On the whole, however, the District Court did not improperly usurp the jury‘s role in assessing Dr. Jewell‘s credibility. There is sufficient reason to find Dr. Jewell‘s testimony was unreliable. Indeed, “any step that renders the analysis unreliable under the Daubert factors renders the expert‘s testimony inadmissible.”68 The fact that Dr. Jewell unreliably applied the techniques underlying the weight of the evidence analysis and the factors of the Bradford Hill analysis satisfies this standard for inadmissibility.
III.
This case involves complicated facts, statistical methodology, and competing claims of approрriate standards for assessing causality from observational epidemiological studies. Ultimately, however, the issue is quite clear. As a gatekeeper, courts are supposed to ensure that the testimony given to the jury is reliable and will be more informative than confusing. Dr. Jewell‘s application of his purported methods does not satisfy this standard. By applying different techniques to subsets of the data and inconsistently discussing statistical significance, Dr. Jewell does not reliably analyze the weight of the evidence. Selecting these conclusions to discuss certain Bradford Hill factors also contributes to the unreliability.
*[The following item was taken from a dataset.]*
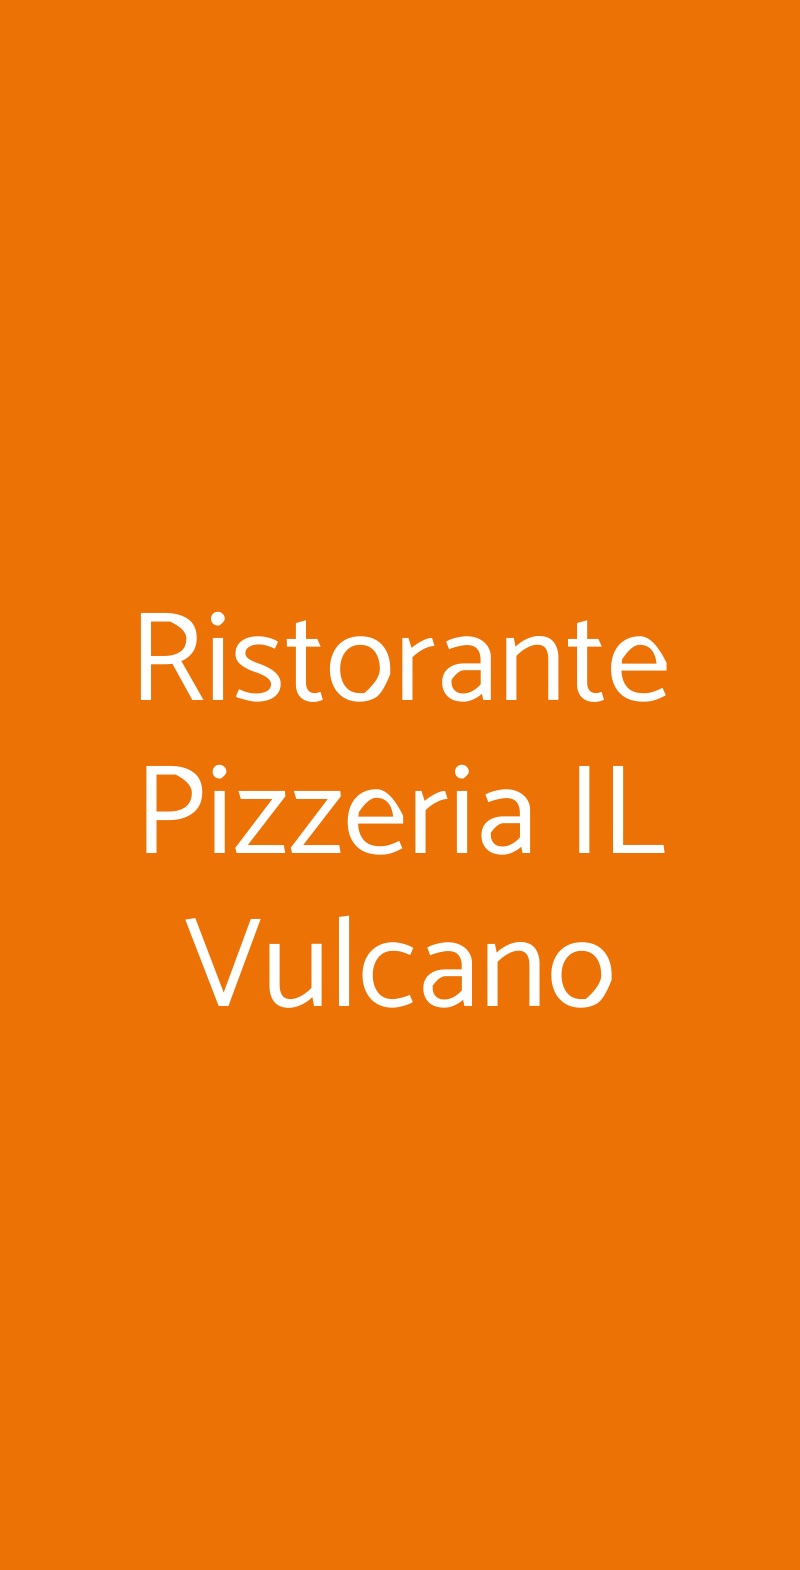 Ristorante Pizzeria IL Vulcano Roma menù 1 pagina
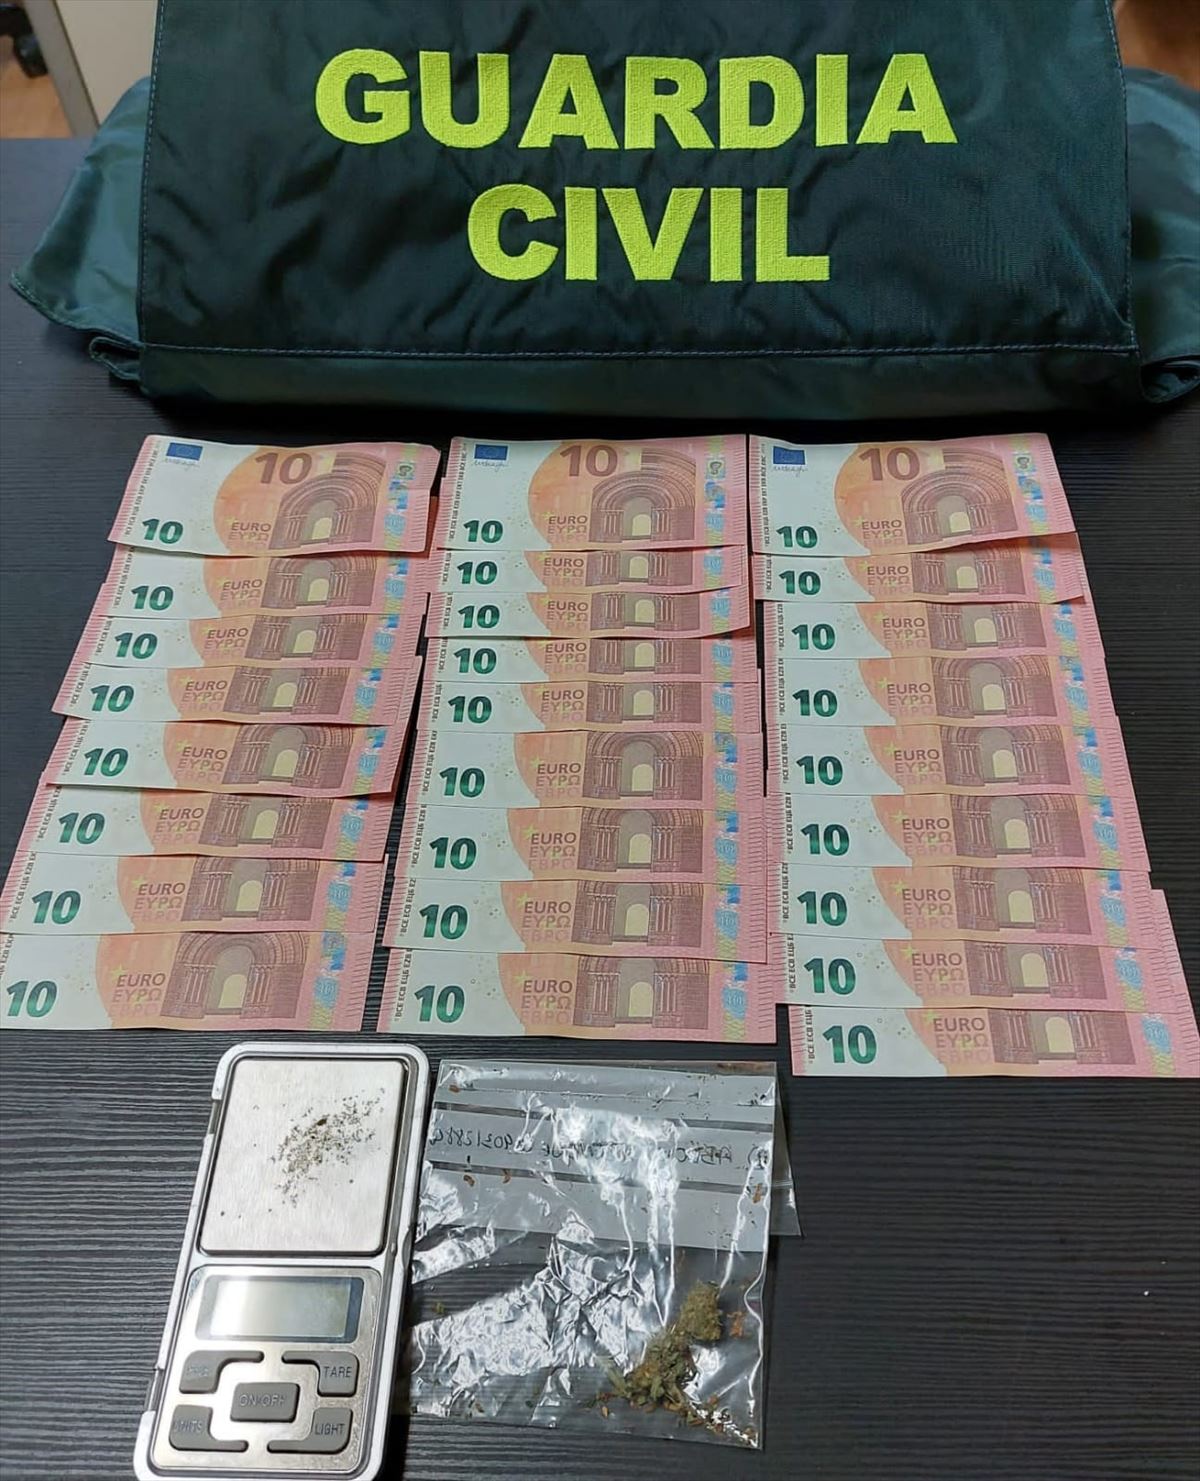 Billetes falsos de 10 euros localizados al arrestado

While the District Court may have flagged a few issues that are not necessarily indicative of an unreliable application of methods, there is certainly sufficient evidence on the record to suggest that the court did not abuse its discretion in excluding Dr. Jewell as an expert on the basis of the unreliability of his methods. For these reasons, we will affirm the orders of the District Court, excluding the testimony of Dr. Jewell and granting summary judgment in favor of Pfizer.